Intesa's €1.6-billion ($2.1-billion) profit in 2012 was an improvement on last year's €8.2-billion loss. But stripping out a huge goodwill writedown in 2011, profit fell 21 per cent. In line with the 2.4-per-cent decline in Italian GDP, Intesa's net interest income fell 3.6 per cent.

At best, the domestic economy will stay flat in 2013. The weak top line depletes Intesa's resources for absorbing loan losses from Italy's army of troubled small businesses. Overall impairments in 2012 ticked up 11 per cent year on year to €4.7-billion. Renewed concerns about Italy's macroeconomic position have increased the cost of insuring Intesa's debt for five years, a proxy for wholesale funding costs, by a quarter since January.

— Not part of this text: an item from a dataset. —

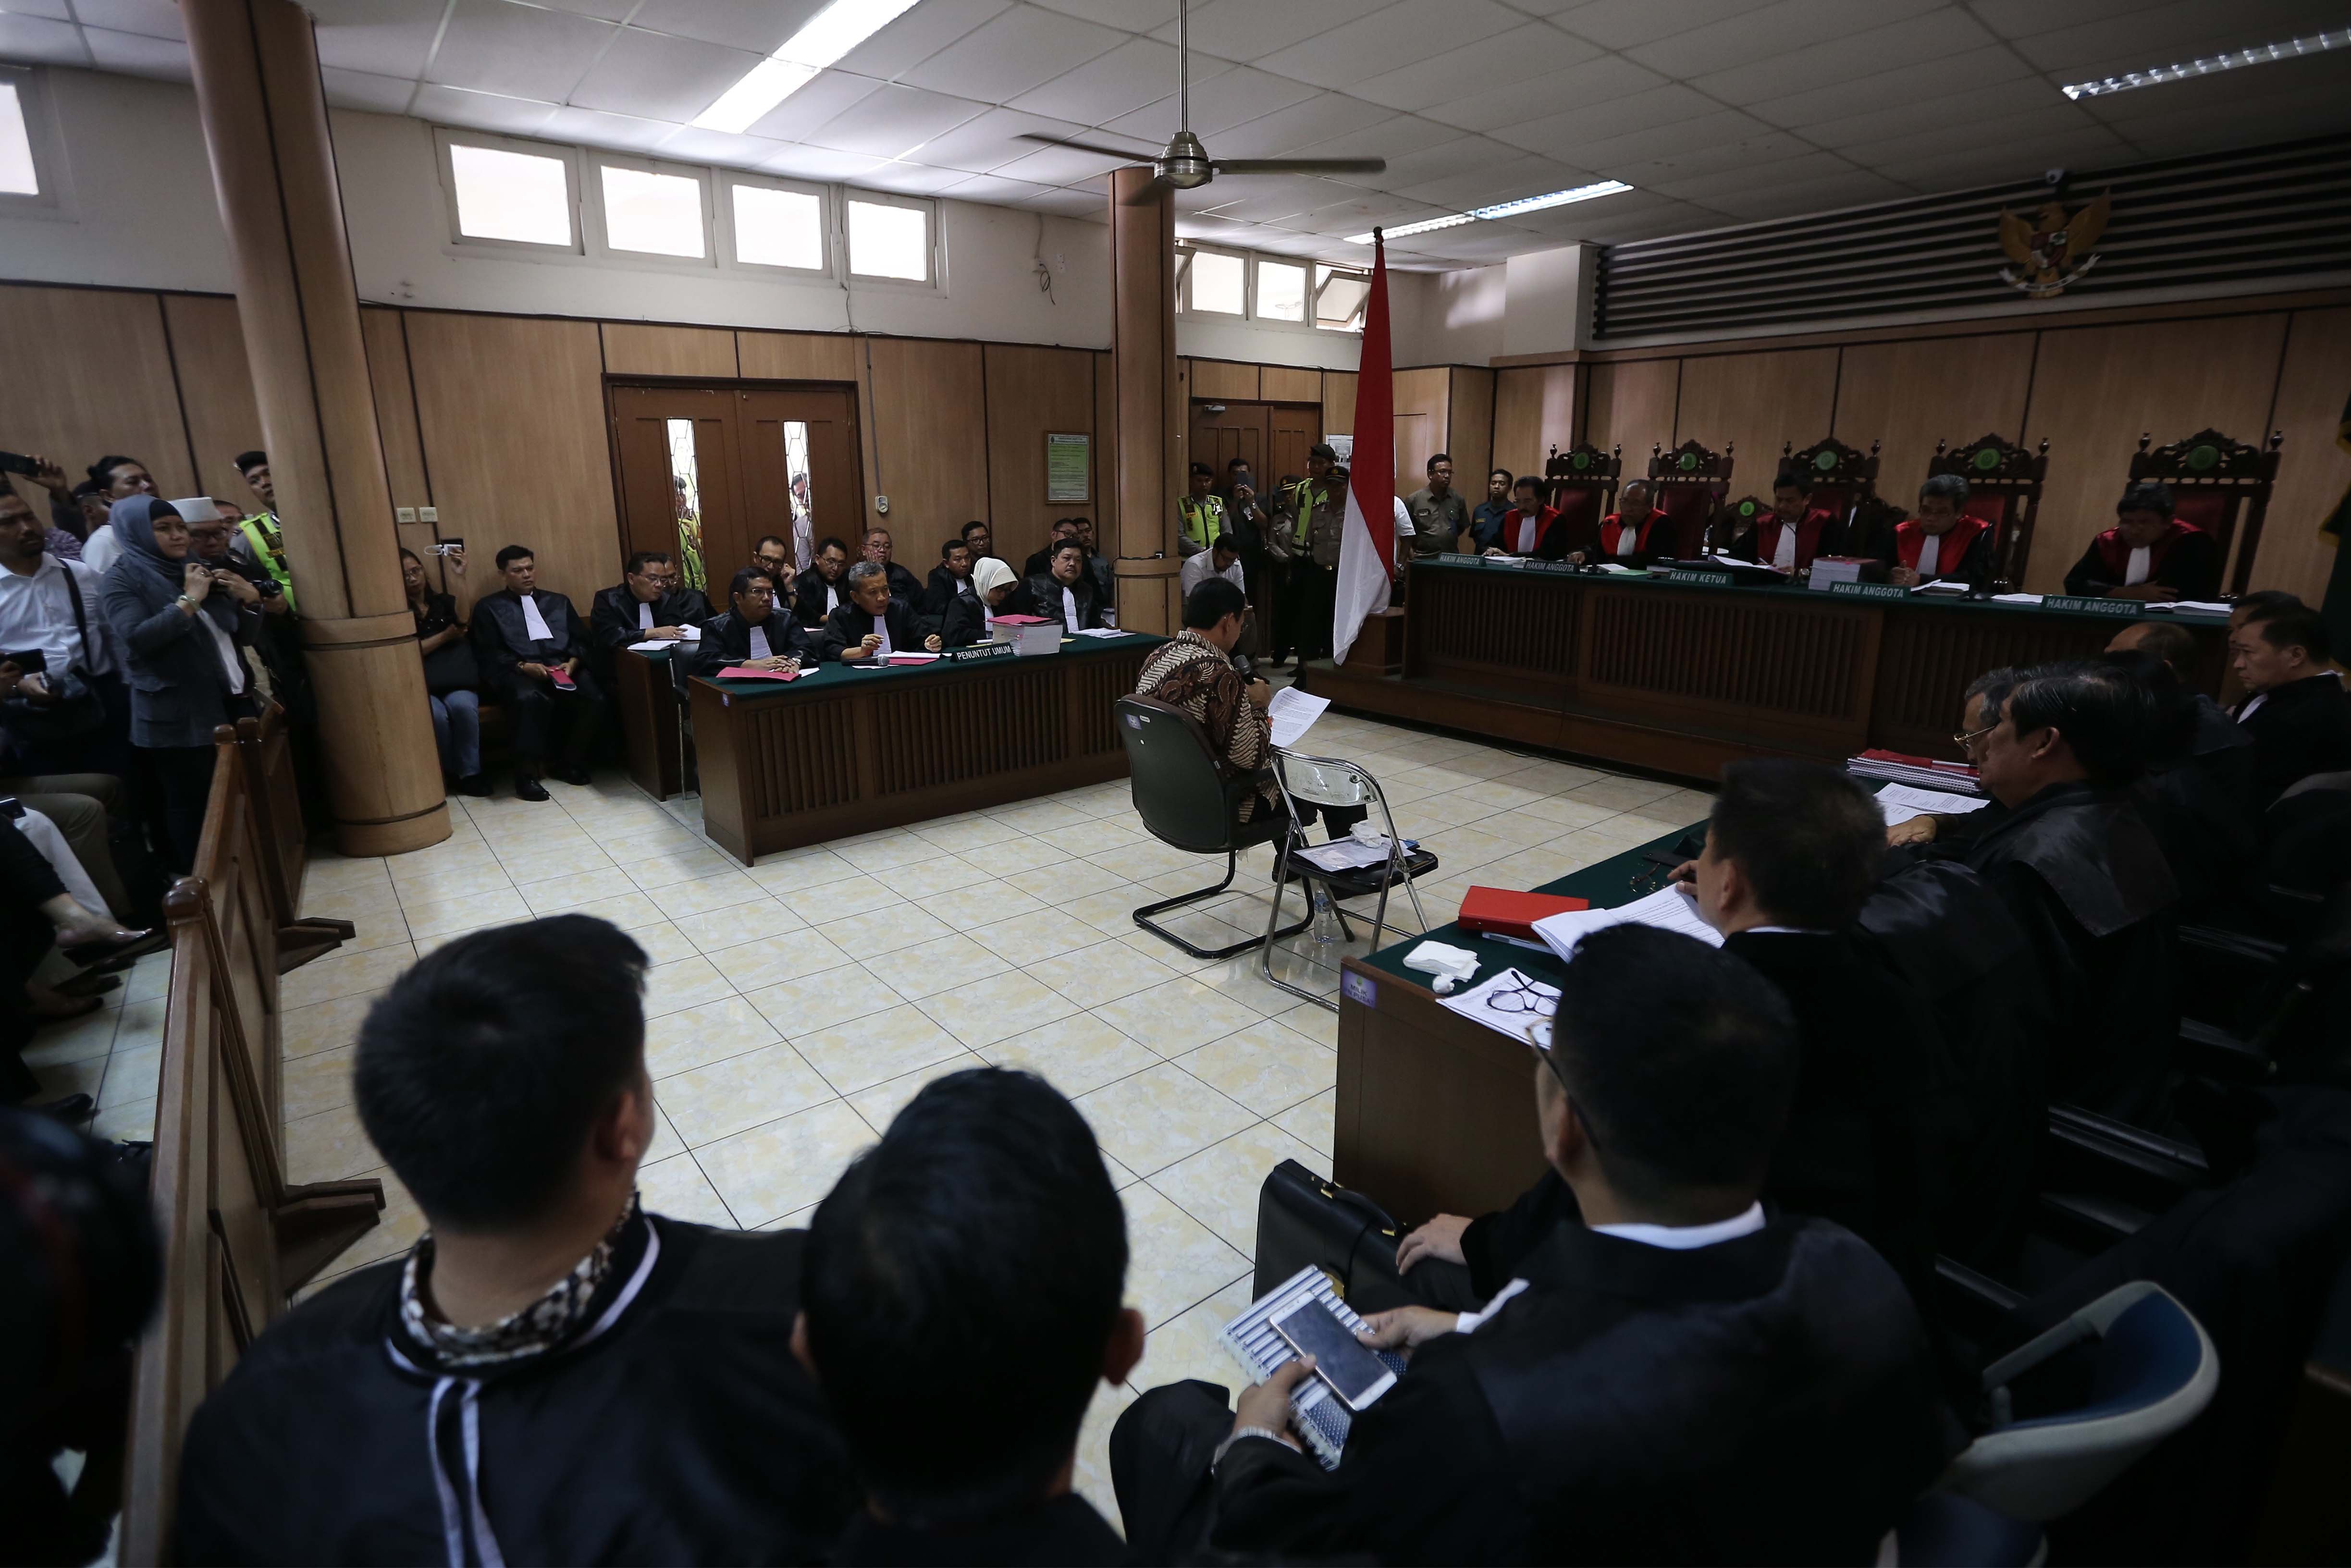 Sidang perdana kasus dugaan penistaan agama dengan tersangka Gubernur nonaktif DKI Jakarta Basuki Tjahaja Purnama (Ahok) di bekas Gedung Pengadilan Negeri Jakarta Pusat, Jalan Gajah Mada, Jakarta Pusat, Selasa (13/12).

But Intesa has quite a few buffers before it starts to feel the pinch. Its wholesale funding needs this year have already been met. And provisions cover 45 per cent of its €49.7-billion of non-performing loans – way higher than some Italian peers and enough to earn the Bank of Italy's regulatory approval.

Even if the regulator is too kind, Intesa has options. Raising its coverage ratio to the 53 per cent European average would cost around €4-billion, which Intesa could find out of a combination of dropping its core Tier 1 ratio to 9 per cent and retaining some of the €2-billion in net profit forecast on average by analysts in 2013. If all goes well, it would still have enough money to maintain its dividend.

The catch is the dicey Italian political situation. The longer the country is without a government, the more investors will look askance at Intesa's holdings of €57-billion of sovereign bonds and its lack of non-Italian operations. The shares are likely to stay stuck around the current 0.4 times book value, whatever Intesa's merits.